Bacteroidetes-Chlorobi

The RDP classifier identified twenty and eight different OTU sequences belonging to members of the phyla Chlorobi and Bacteroidetes, respectively. Seven OTUs affiliated with the Chlorobi were abundant with read numbers >100, and one was very abundant with >1,000 reads (Table S1). However, the most abundant “Chlorobi” sequence (OTU-10) was mis-classified and represents an Thermotogae/EM3 group member (see above, Table 1, Figure 5B). The other abundant Chlorobi sequences were affiliated with the proposed family Thermochlorobacteriaceae (OTU-38) (Liu et al., 2012), “Chlorobi lineage 5” = “OPB56 group” (OTUs 24, 27, and 29) (Iino et al., 2010; Hiras et al., 2015) and “Chlorobi lineage 2” = “SM1H02 group” (OTUs 34 and 45) (Iino et al., 2010; http://www.arb-silva.de/browser/ssu-121/AY555793, named after clone SM1H02, Genbank acc. no. AF445702). Bin-19 (Table 3) was identified as a partial genome representing OTU-24, a representative of OPB56, a subgroup of the Chlorobi with predicted chemoheterotrophic lifestyle that was first detected in YNP (Hugenholtz et al., 1998b; Hiras et al., 2015, Table 3). A low abundance OTU in the OPB56, OTU-262, was identified as a probable representative of the OS Type F sequences from previous studies (Table 4, Ward et al., 1990, 1992). The first aerobic, phototrophic member of the Chlorobi, “Ca.
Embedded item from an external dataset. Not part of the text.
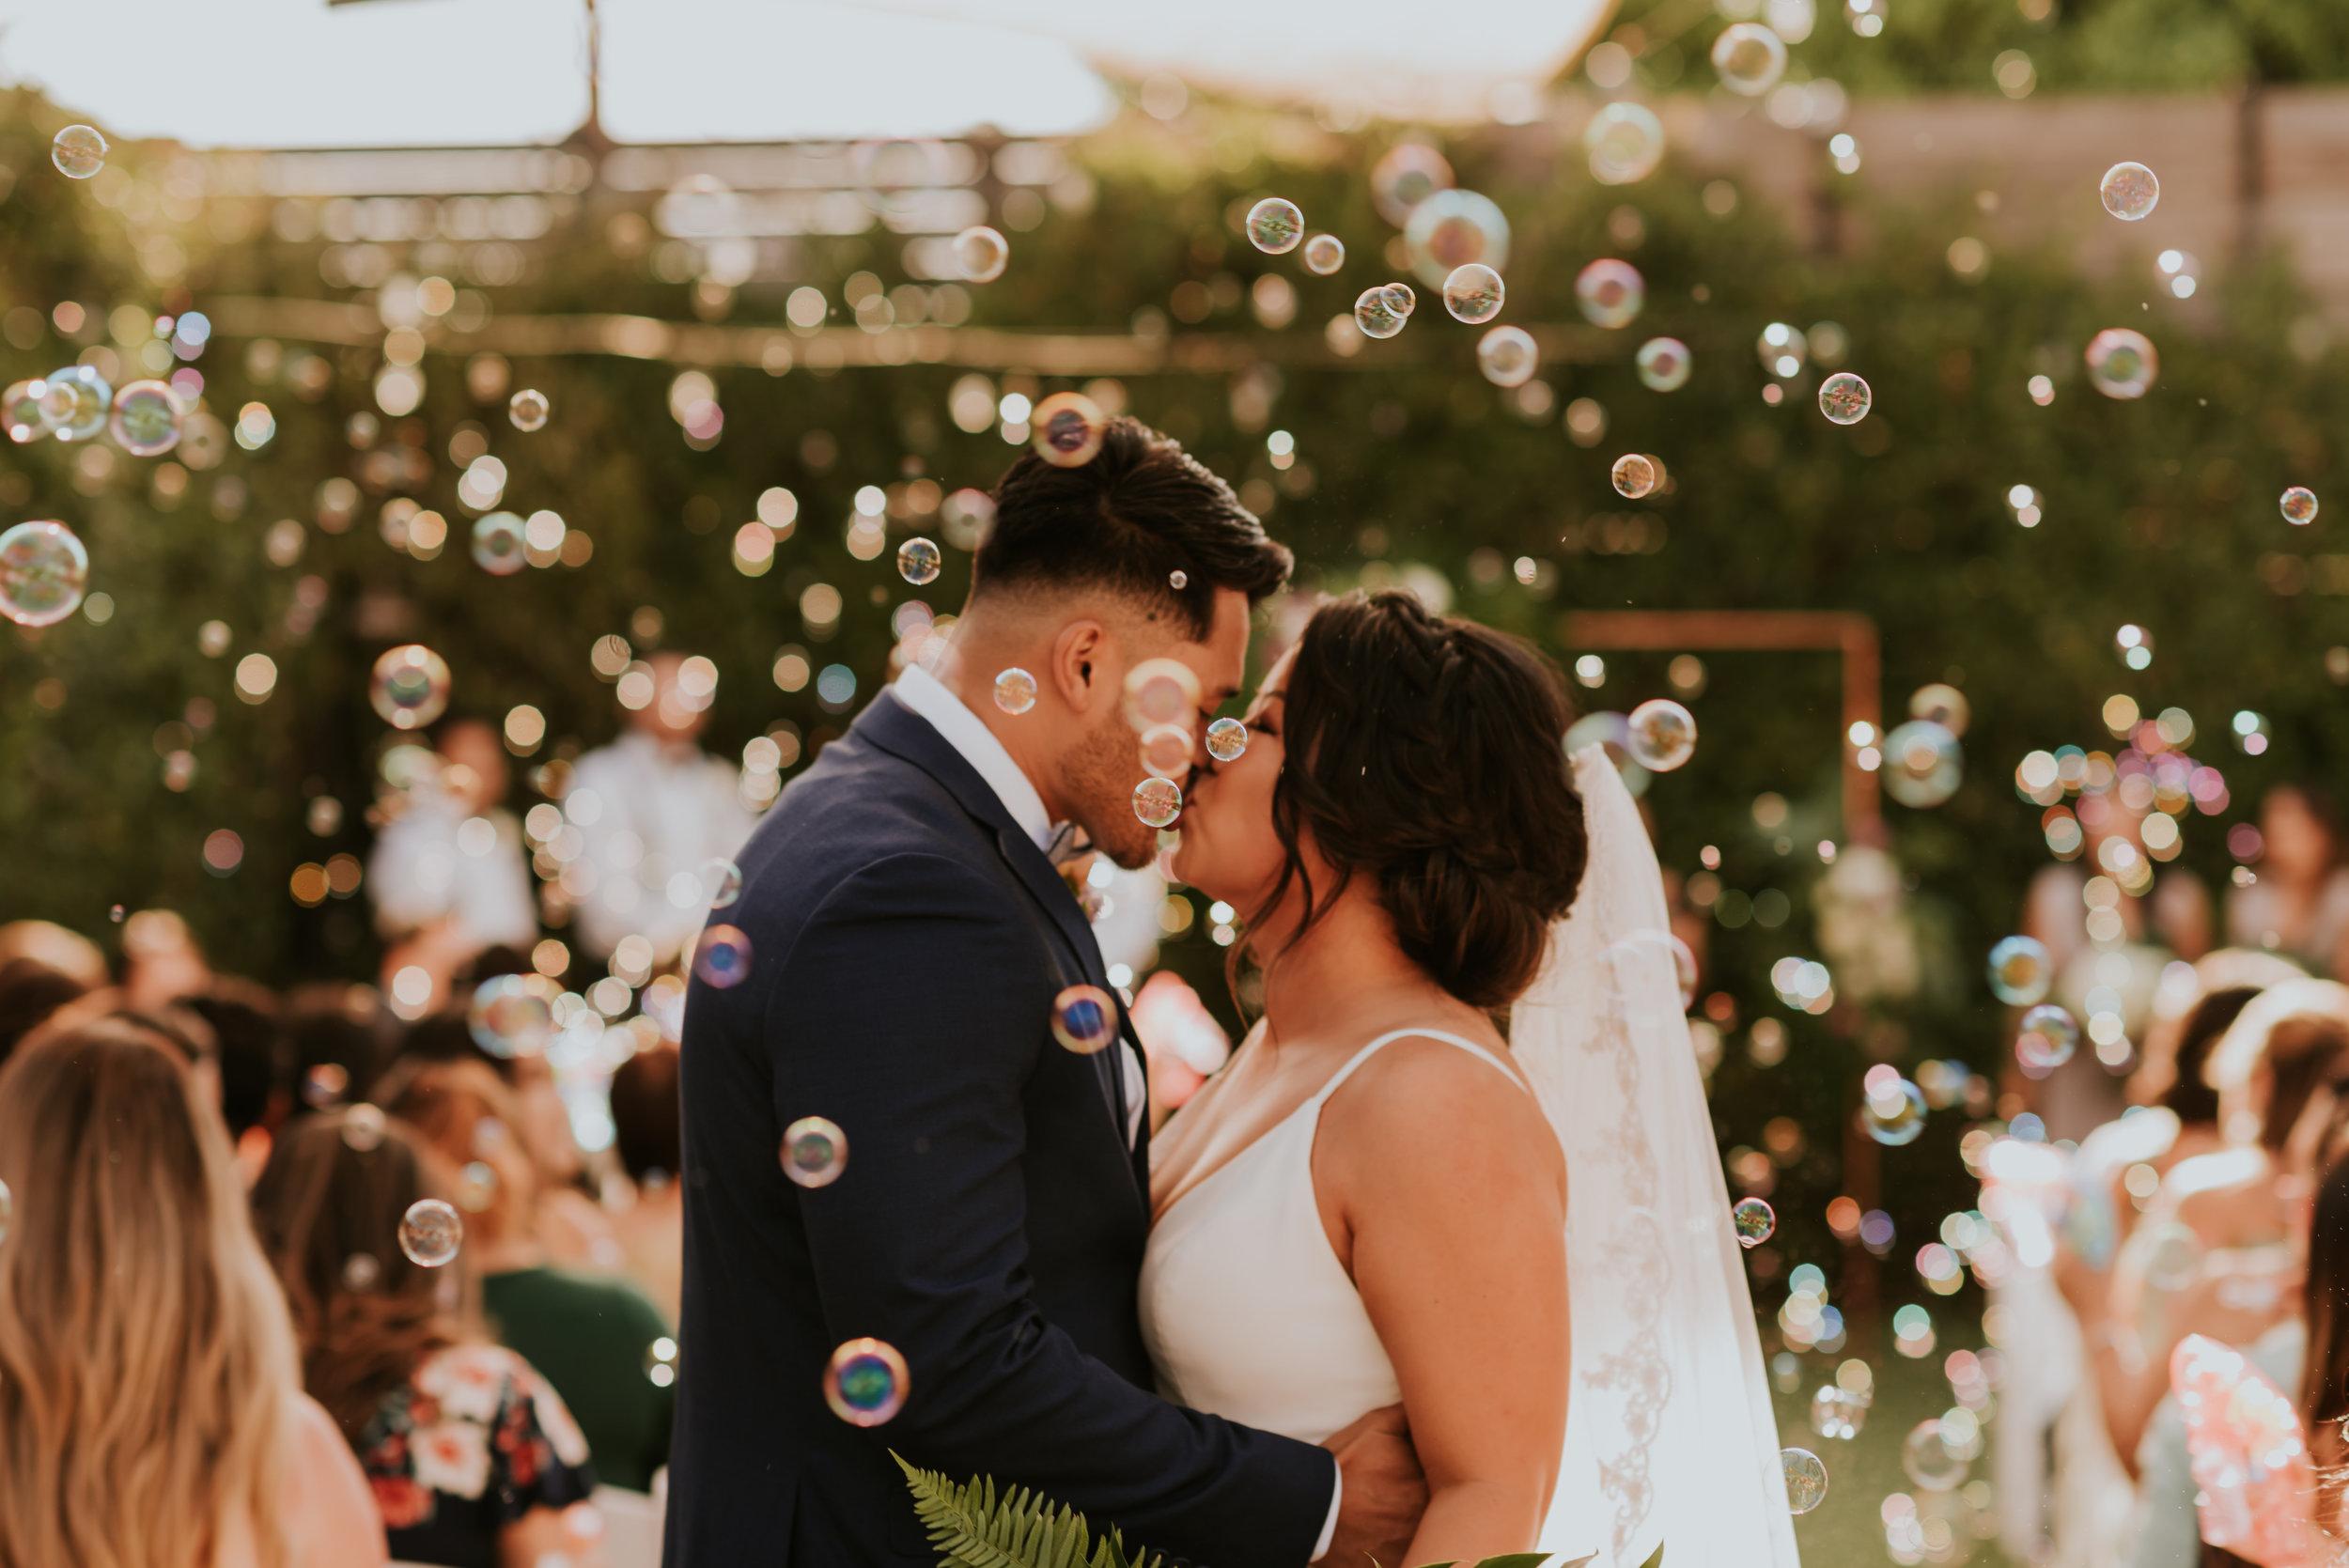 York Manor Wedding by Carrie Rogers Photography | Los Angeles Wedding Photographer | California Wedding

Tcb. aerophilum,” which belongs to the proposed family Thermochlorobacteriaceae and was identified in the upper green layer of the microbial mat by previous metagenomic analyses (Liu et al., 2012), is represented by OTU-38 (Table 1), and was identified as OS Type E in previous studies (Ward et al., 1990, 1992; Ferris et al., 1996b). Bin-21 is derived from this novel phototroph (Table 3) and supports its characterization as a chlorophototroph that synthesizes type-1 reaction centers and chlorosomes, similar to cultivated relatives among the green sulfur bacteria, but which is otherwise very different physiologically. “Ca. Tcb. aerophilum” is proposed to be an aerobic photoheterotroph that cannot oxidize sulfur compounds, cannot fix N2, and does not fix CO2 (Liu et al., 2012).
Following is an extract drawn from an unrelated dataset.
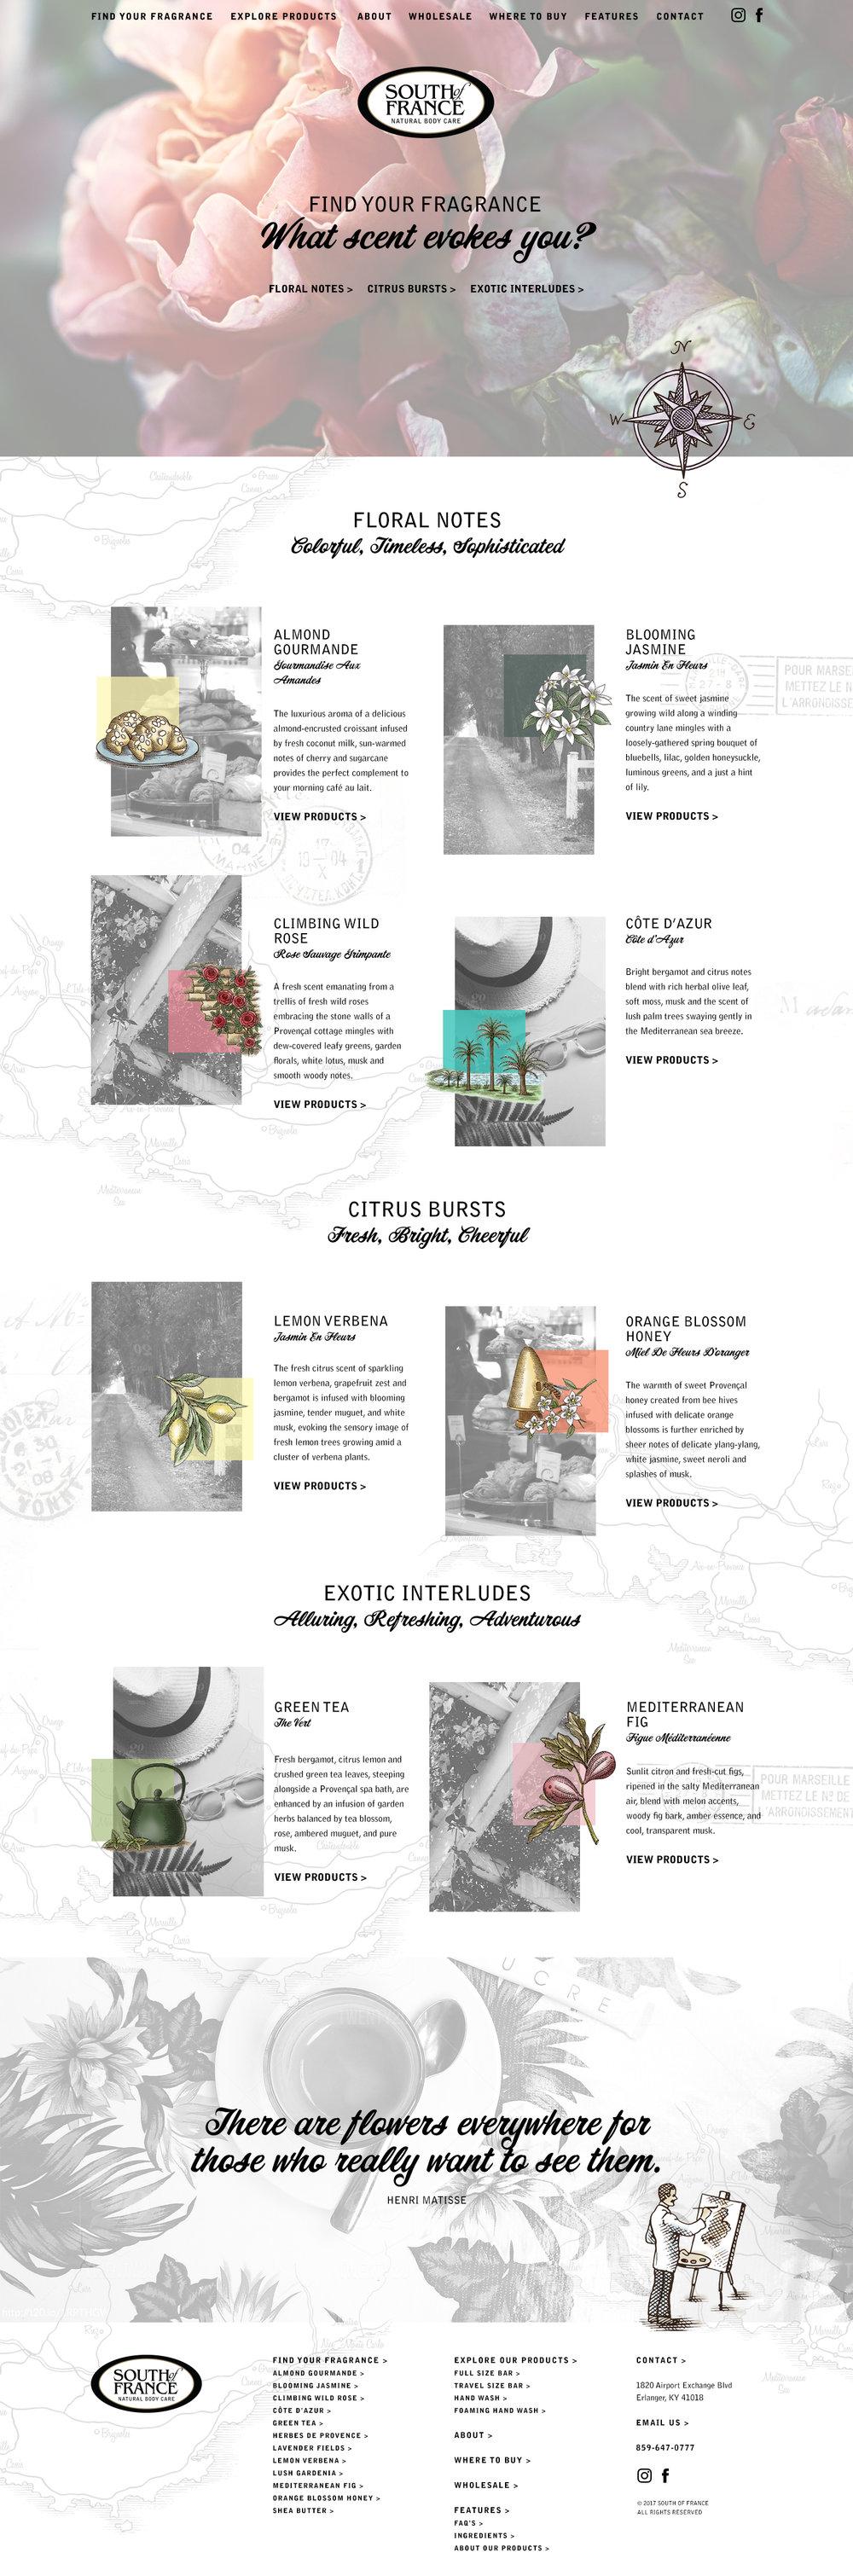 SOF-Find-Your-Fragrance.jpg

Bin-24 (Table 3) does not contain a 16S rRNA sequence, but was affiliated with a putative member of the Bacteroidetes-Chlorobi group based on phylogenetic marker genes. It is most closely related to heterotrophic members of the Chlorobi, in the family Ignavibacteriaceae (Liu et al., 2012; Kadnikov et al., 2013) and is presumably affiliated with OTUs-34 or 45 in the Chlorobi Lineage 5/group SM1H02 (Figure 5B). All genes needed for dissimilatory sulfate reduction are present in the partial genome and indicate that this organism is putatively the first sulfate-reducing member of the Bacteroidetes-Chlorobi group. These results will be described in detail elsewhere (Thiel et al., in preparation). The OS Type M sequences obtained in previous studies (Ward et al., 1992) are affiliated with OTU-34 as well as with two partial 16S rRNA sequences from the metagenome (Table 4) within the SM1H02 (Chlorobi Lineage 2) group.
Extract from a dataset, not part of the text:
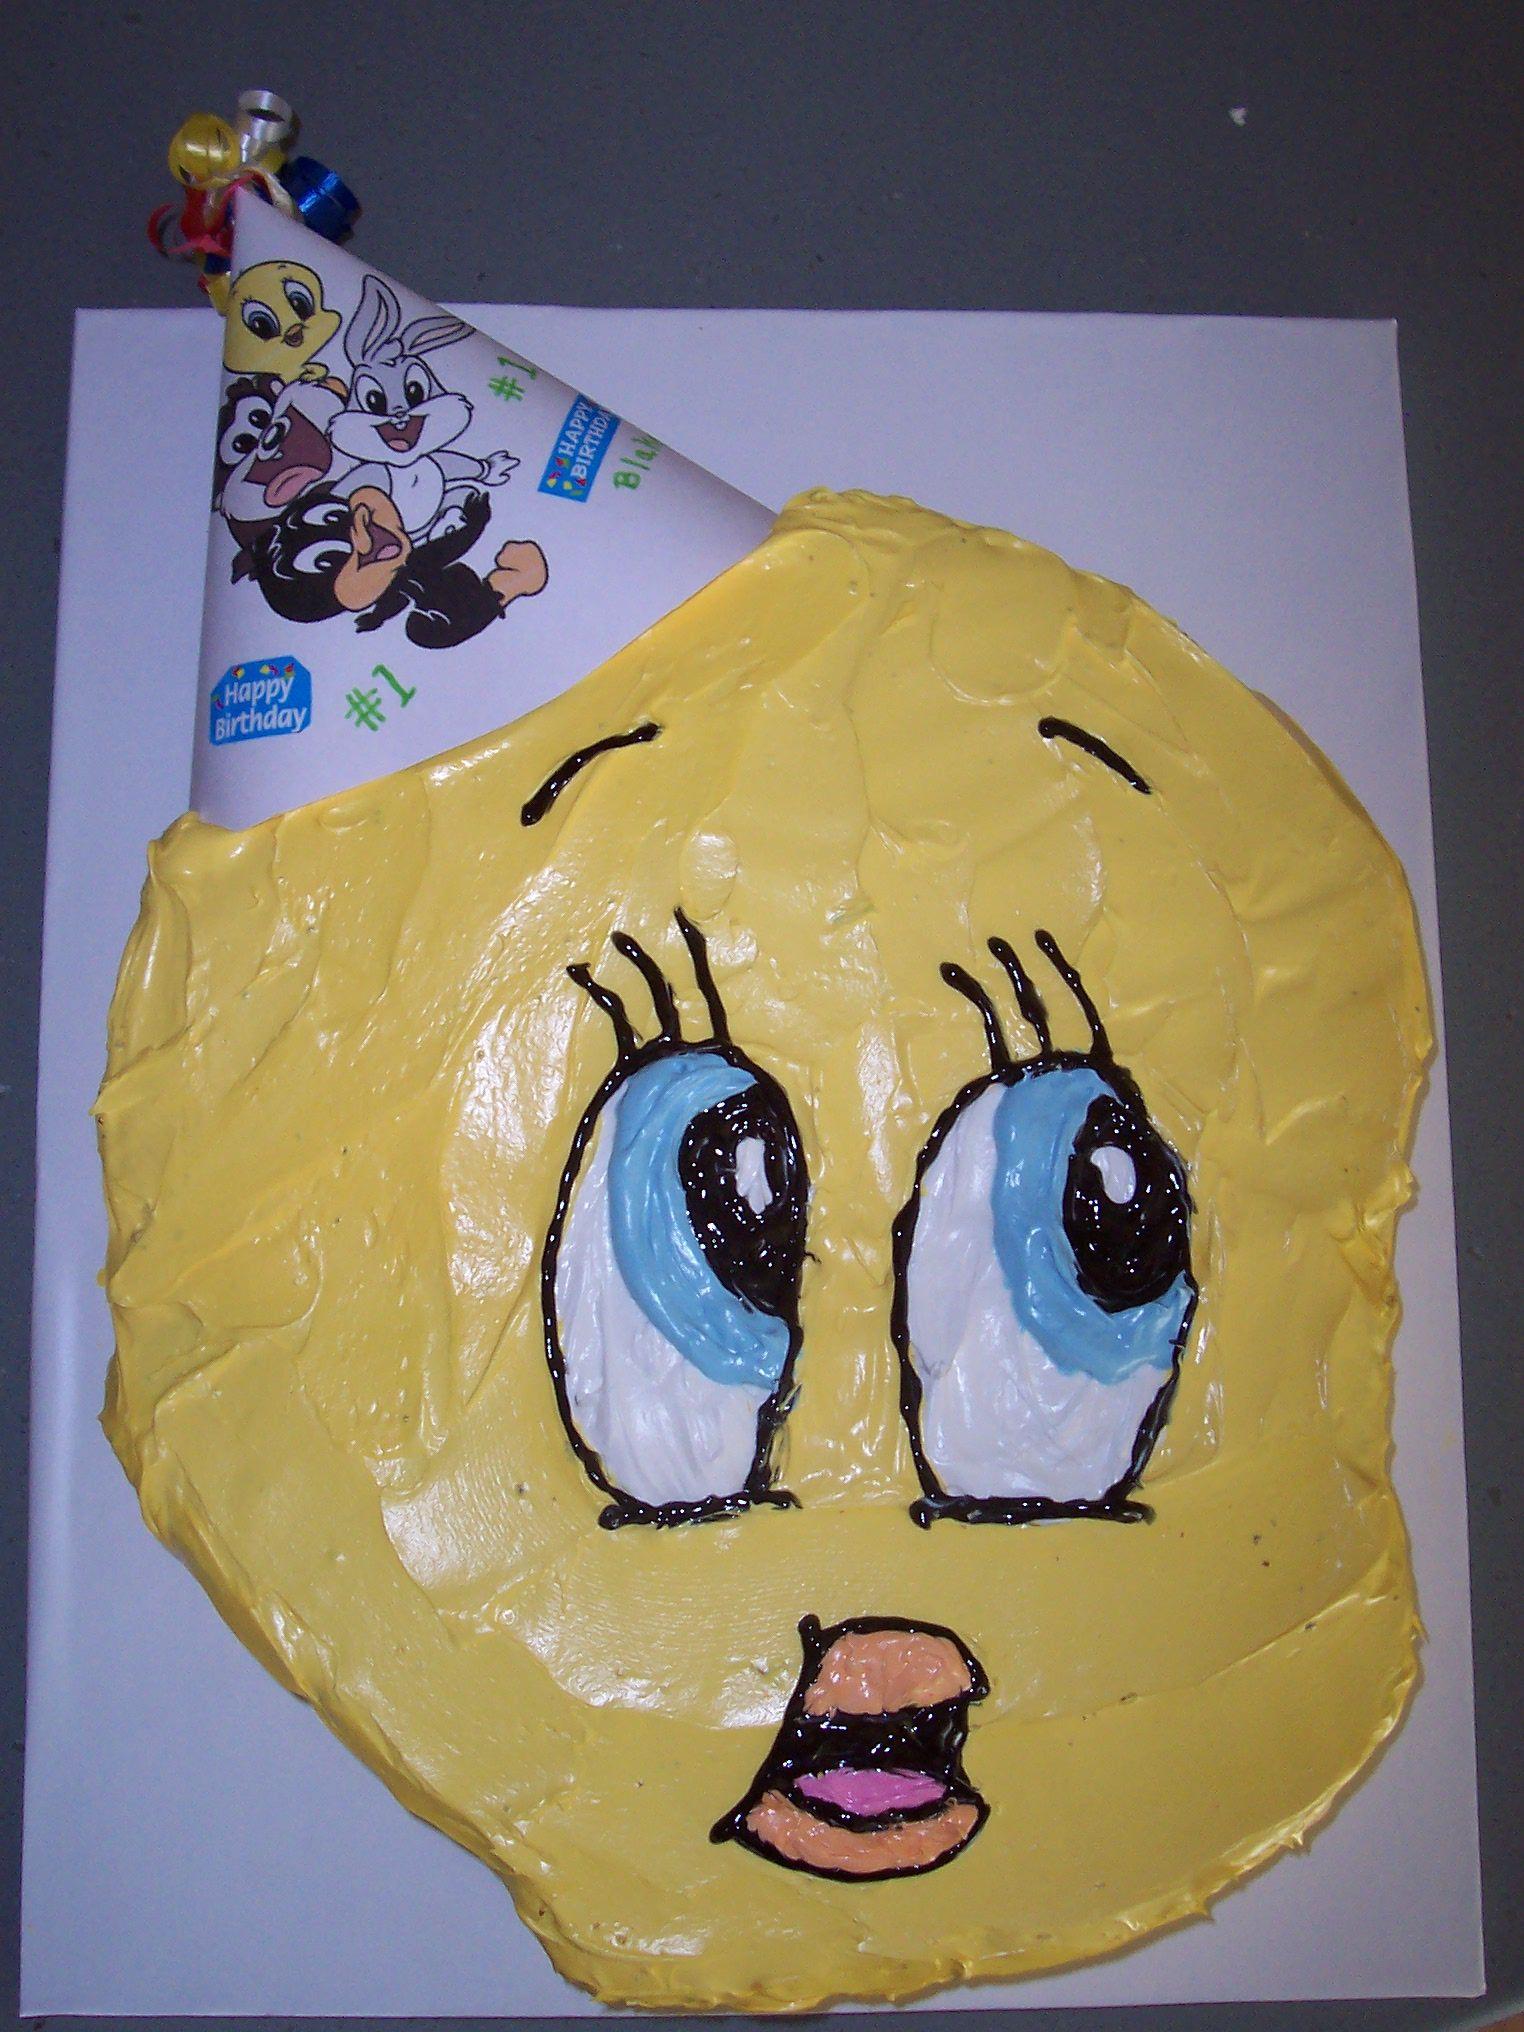 My 2nd son's 1st Birthday Cake! Baby Tweety

Only low abundance OTUs were affiliated with the Bacteroidetes (Table S1). Many of them were closely related to clone sequences obtained in a previous undermat study, and some also represented partial 16S rRNA sequences from the metagenome (Figure 5B, Klatt et al., 2013a). Schleiferia thermophila, a strain of which has been isolated from Octopus Spring microbial mats (Thiel et al., 2014a), was not detected in this study.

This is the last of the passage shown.